Like a person stepping on crumbling rock to get a good look over a cliff, we do not recognize how easy it is to fall from the faith. Jesus warns us, “For the gate is wide and the way is easy that leads to destruction, and those who enter by it are many. For the gate is narrow and the way is hard that leads to life, and those who find it are few” (Mt. 7:13-14). So many deviate from the narrow path to heaven and join the great crowd marching to hell. How can you be sure that you aren’t one of them? How do you know if you are among the few that are both called and chosen?

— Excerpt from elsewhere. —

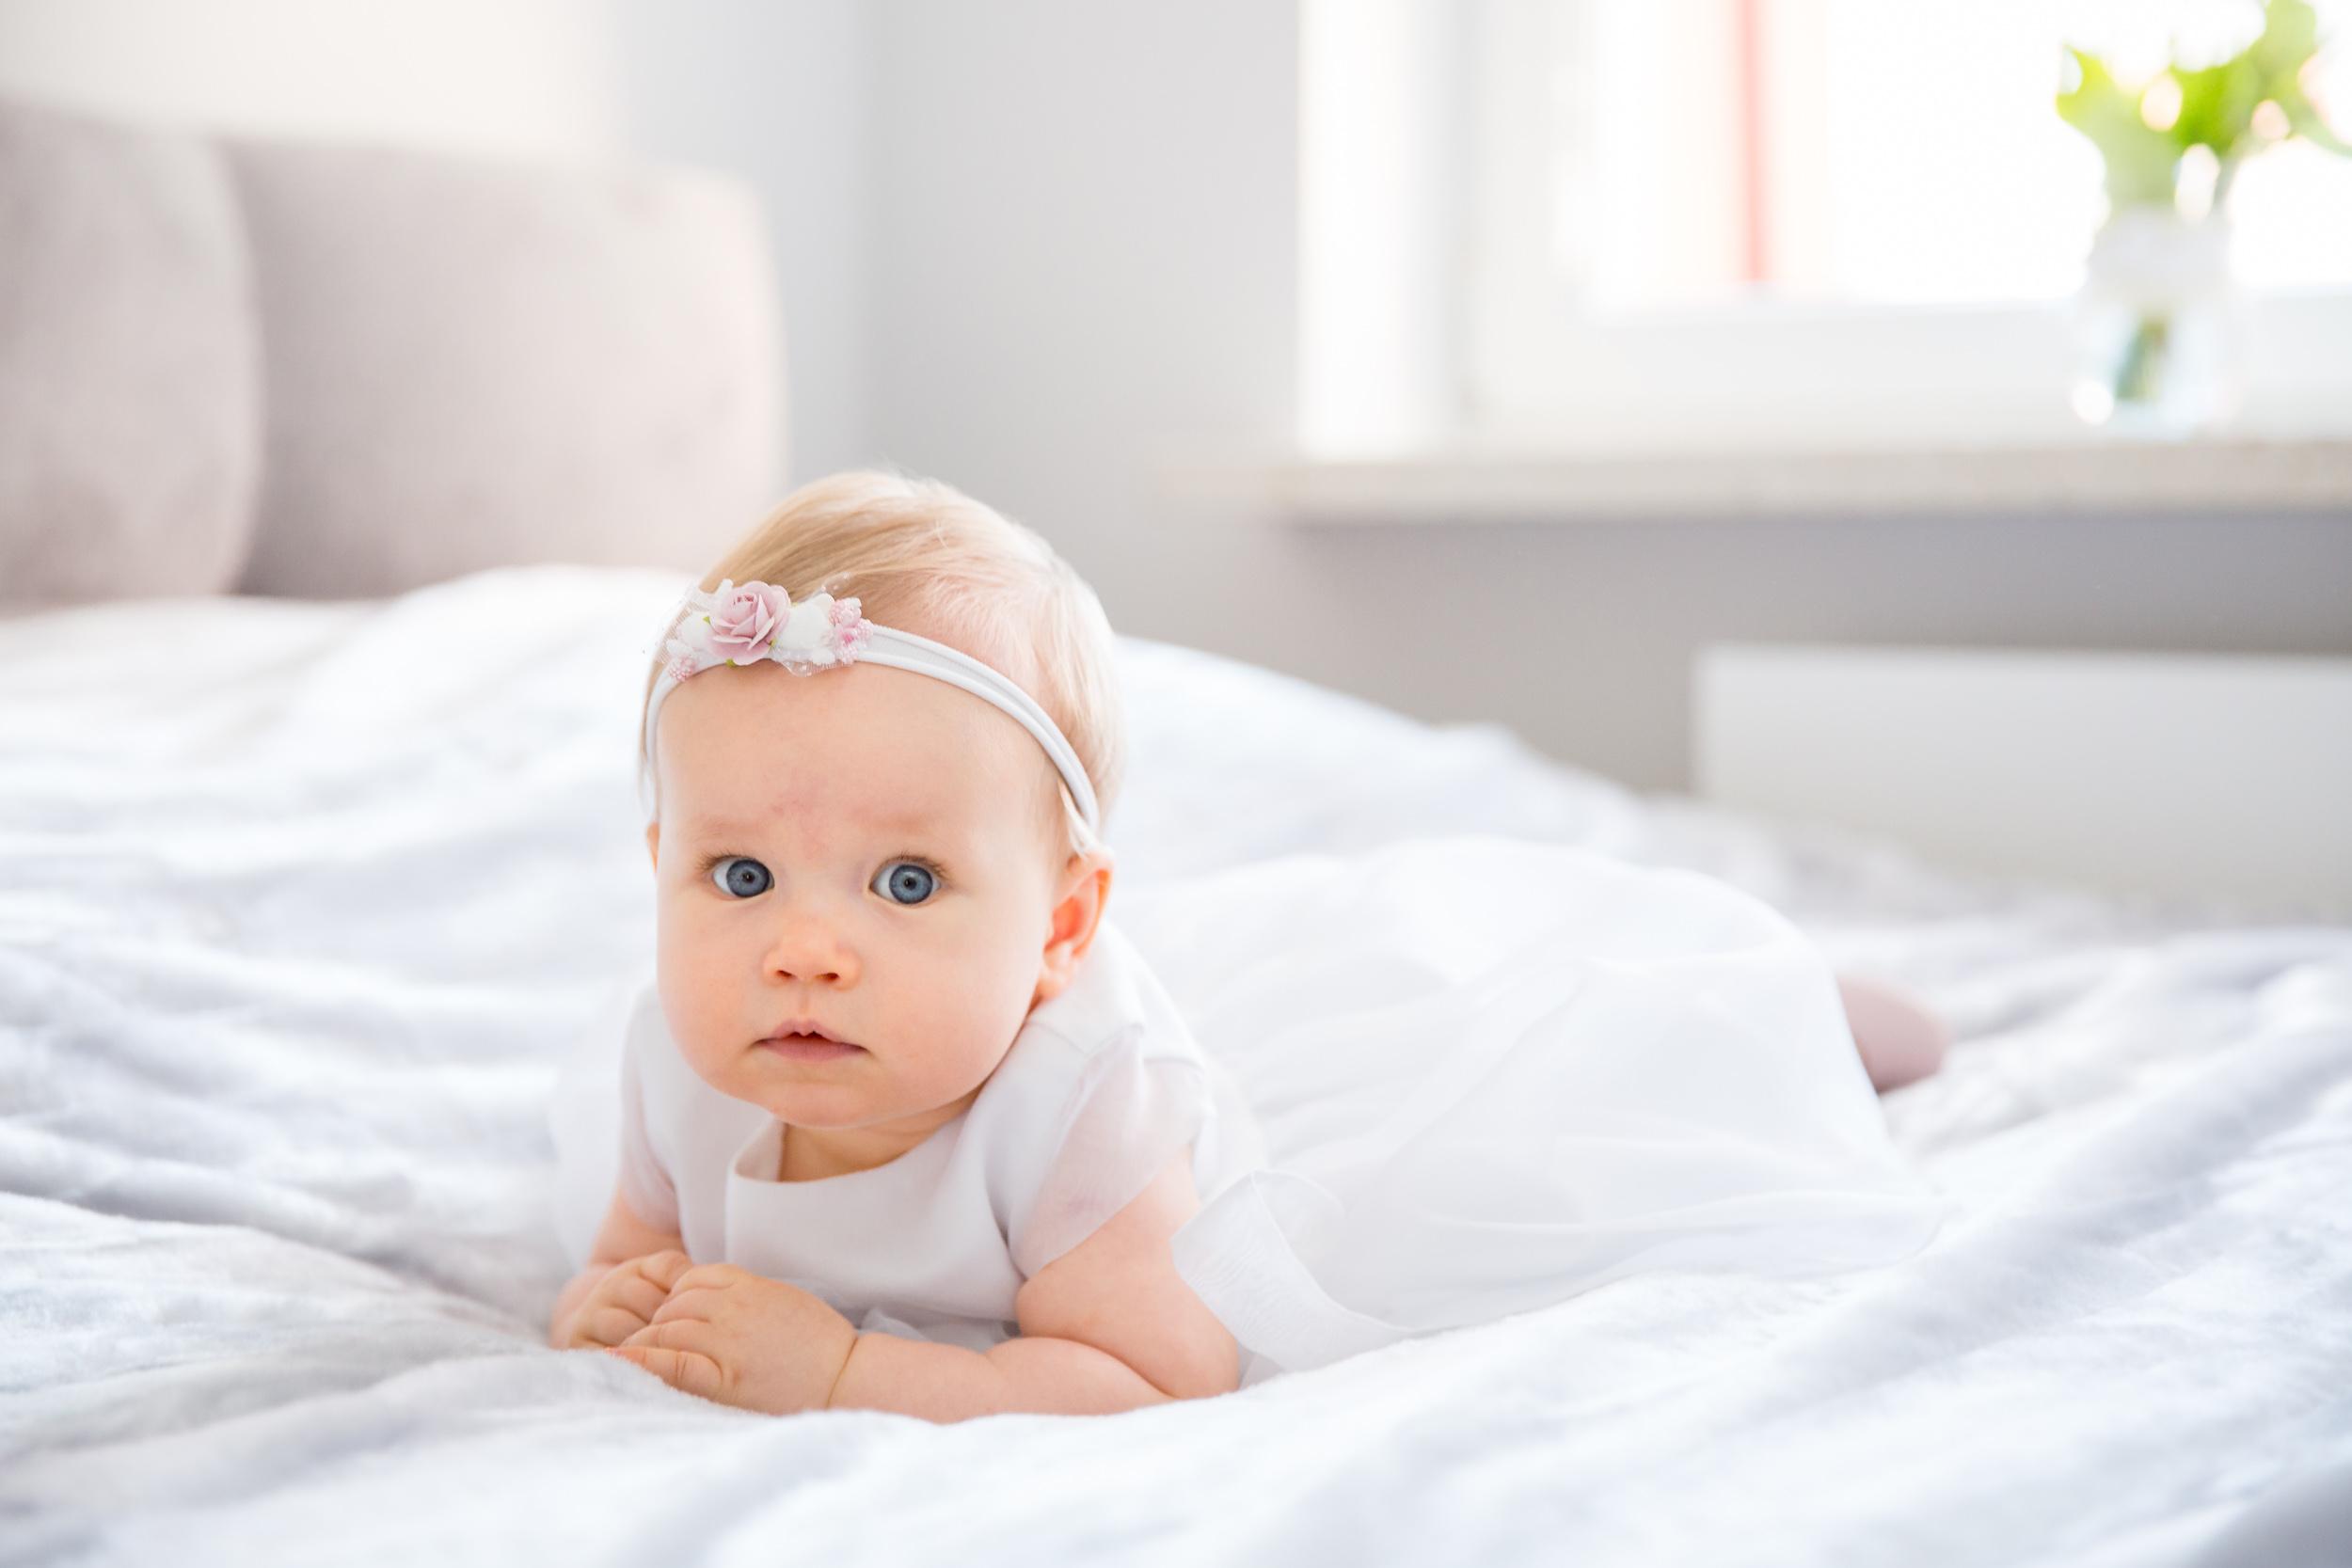 FOTOREPORTAŻ Z CHRZTU ŚWIĘTEGO 400 - 700 PLN - Chrzest Święty to pierwsze ważne wydarzenie w życiu Twojego dziecka. Profesjonalne zdjęcia są pięknym prezentem i pamiątką, która pozwoli mu w przyszłości powracać myślami do tych momentów.

Well, let me ask you a few questions:
- Are you saved because of the righteous things you have done, or because Jesus lived a holy life for you?
- Are you forgiven because you atoned for your sins, or because Jesus shed His blood and died for you?
- Will you rise again from the dead because you deserve it, or because Jesus won the victory over death for you?
If your answer to every question is Jesus, then you are among the chosen. You are the elect of God. Because “those whom he predestined—elected according to His grace—he also called, and those whom he called he also justified, and those whom he justified he also glorified” (Rom. 8:30). God chose you from eternity to believe in Him, and He called you to that faith through the Gospel. He made you His own and cleansed your sinful heart in holy baptism, and He continues to strengthen your faith through the preaching of His Word and the Sacrament of His body and blood.
Why has He done this for you? It is not because you deserved it, or because you are better than others. This is what is so perplexing to our rational minds. We cannot explain why it is that we believe while others do not. By nature, we are just as troubled as anyone else, just as sinful, just as hostile to God. But God has been gracious to us. He chose us to “be His own, live under Him in His kingdom, and serve Him in everlasting righteousness, innocence and blessedness” (Second Article of the Creed). He called us to His wedding feast, clothes us in rich garments, and has us sit down at the feast while He serves us!
There is strength in numbers, but strength and numbers are not everything. There are times When Being among the Few Is a Blessing. We thank God that He has redeemed us from the destruction we deserved and brought us into His little flock. And we pray that He keeps us steadfast in His Word and faithful to the end, as we enjoy His good gifts here and anticipate the great wedding feast in His eternal kingdom.